Keine Mehrheit für Merz im 1. Wahlgang
Bei der Abstimmung im deutschen Bundestag ist der Kanzlerkandidat von CDU, CSU und SPD, Friedrich Merz, heute nur auf 310 Stimmen gekommen; 316 wären für eine Mehrheit nötig gewesen; CDU/CSU und SPD haben zusammen 328 Mandate.
Offenbar gibt es in mindestens einer der Fraktionen einigen Widerstand gegen Merz (oder die Koalition an sich, oder das Regierungsprogramm …). Ob sich das auf die Schnelle kitten lässt, bezweifle ich.
Das ist neu. Noch nie ist nach erfolgreichen Koalitionsverhandlungen ein Kanzlerkandidat im ersten Wahlgang gescheitert.
Wie geht es kurzfristig weiter?
Nach dem deutschen Grundgesetz (Art. 63) kann es innerhalb der ersten 2 Wochen nach dem Wahlgang beliebig viele Wahlgänge geben. Wenn Merz glaubt, eine Mehrheit zu schaffen, kann er sich jederzeit wieder zur Wahl stellen.
Nach zwei Wochen ändern sich die Voraussetzungen; das Grundgesetz sagt im Art. 63 (4):
Kommt eine Wahl innerhalb dieser Frist nicht zustande, so findet unverzüglich ein neuer Wahlgang statt, in dem gewählt ist, wer die meisten Stimmen erhält.
Dann geht es also nicht mehr um die absolute Mehrheit der Stimmen, sondern nur mehr um die relative.
Wie geht es langfristig weiter?
Die drei Regierungsparteien CDU, CSU und SPD haben numerisch eine knappe Mehrheit von 328 von 630 Mandaten. Diese Mehrheit ist nicht wirklich sicher und stabil, wie die Abstimmung heute gezeigt hat. Deutschland steht aber vor großen Herausforderungen. Es war nötig, die Grünen für eine Grundgesetzänderung noch im „alten“ Bundestag zu gewinnen; die haben das mitgetragen und damit einen beachtlichen Ansatz für Klimaschutz in das Regierungsprogramm hineinverhandelt.
Diese Koalition wird gut beraten sein, wenn sie eng mit den Grünen zusammenarbeitet.

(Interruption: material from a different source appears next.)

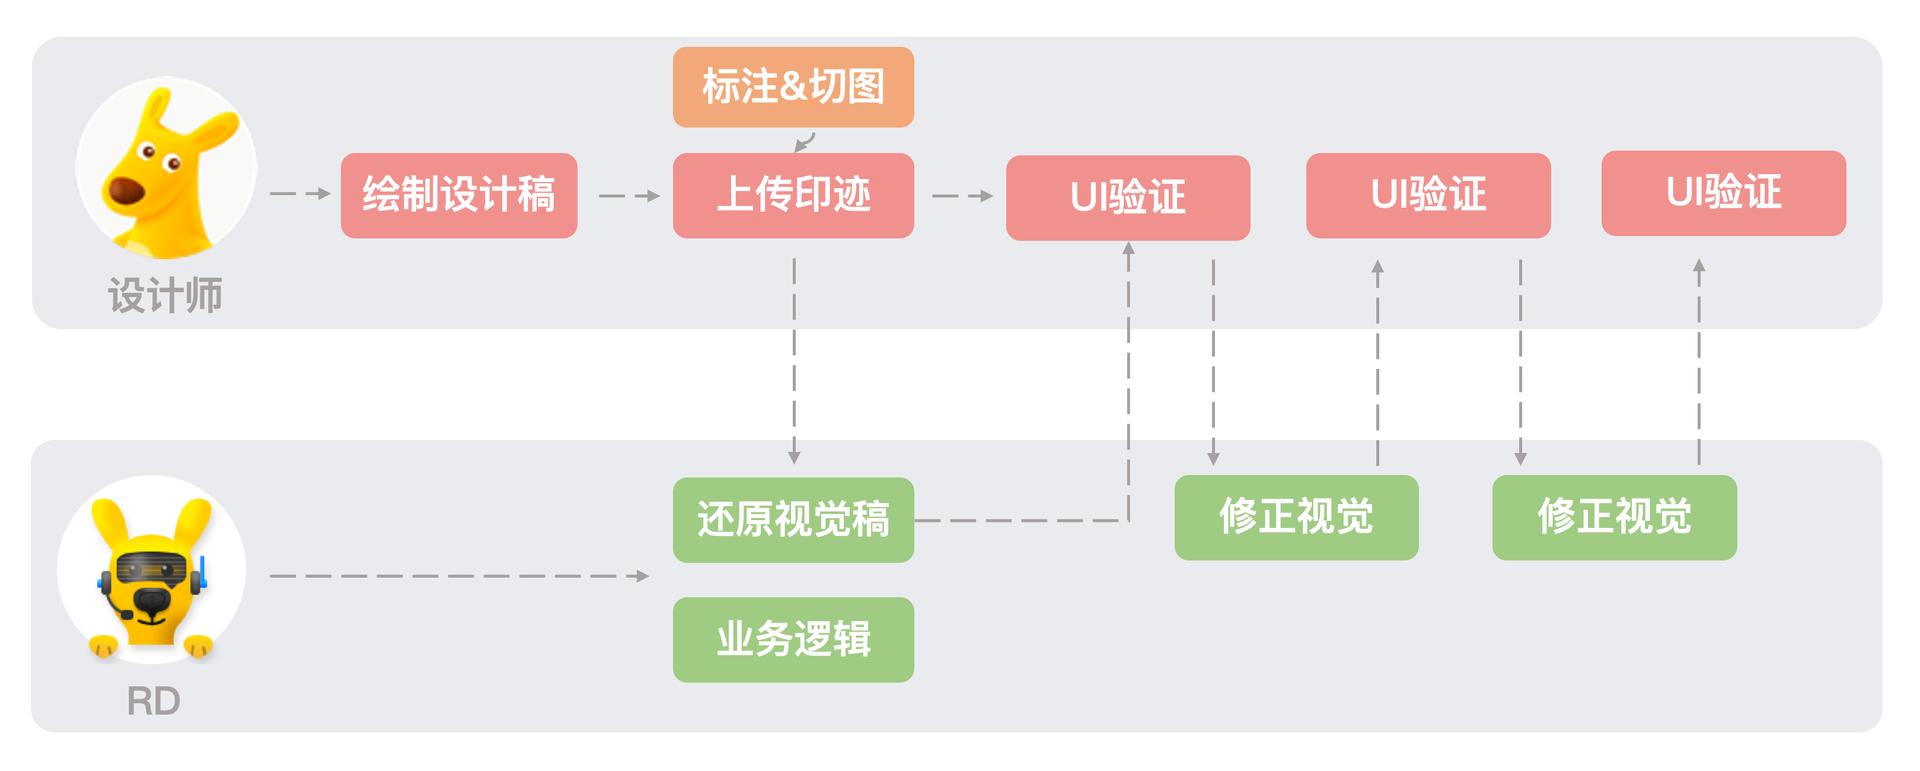 未建立外卖DPL模型之前开发流程

Sollte es innerhalb der nächsten 2 Wochen aber zu keiner Kanzlerwahl von Friedrich Merz – also zu keiner absoluten Mehrheit – kommen, muss man wohl auch über eine Erweiterung der Koalition nachdenken.
Ergänzungen um 17:30
Zweiter Wahlgang am Nachmittag: Merz kommt auf 325 Stimmen
Das kurzfristige Problem wurde noch heute gelöst. In einem zweiten Wahlgang kam Friedrich Merz auf 325 Stimmen, 15 mehr als am Vormittag und 9 mehr als notwendig. Von den 328 Abgeordneten von CDU (164), SPD (120) und CSU (44) wichen nur mehr 3 von der Parteidisziplin ab.
Das langfristige Problem hat sich damit nicht gelöst, meine ich. Die deutsche Bundesregierung aus CDU, SPD und CSU verfügt nur über eine knappe und wacklige Mehrheit. Es wird der Zusammenarbeit mit anderen Parteien des demokratischen Spektrums bedürfen.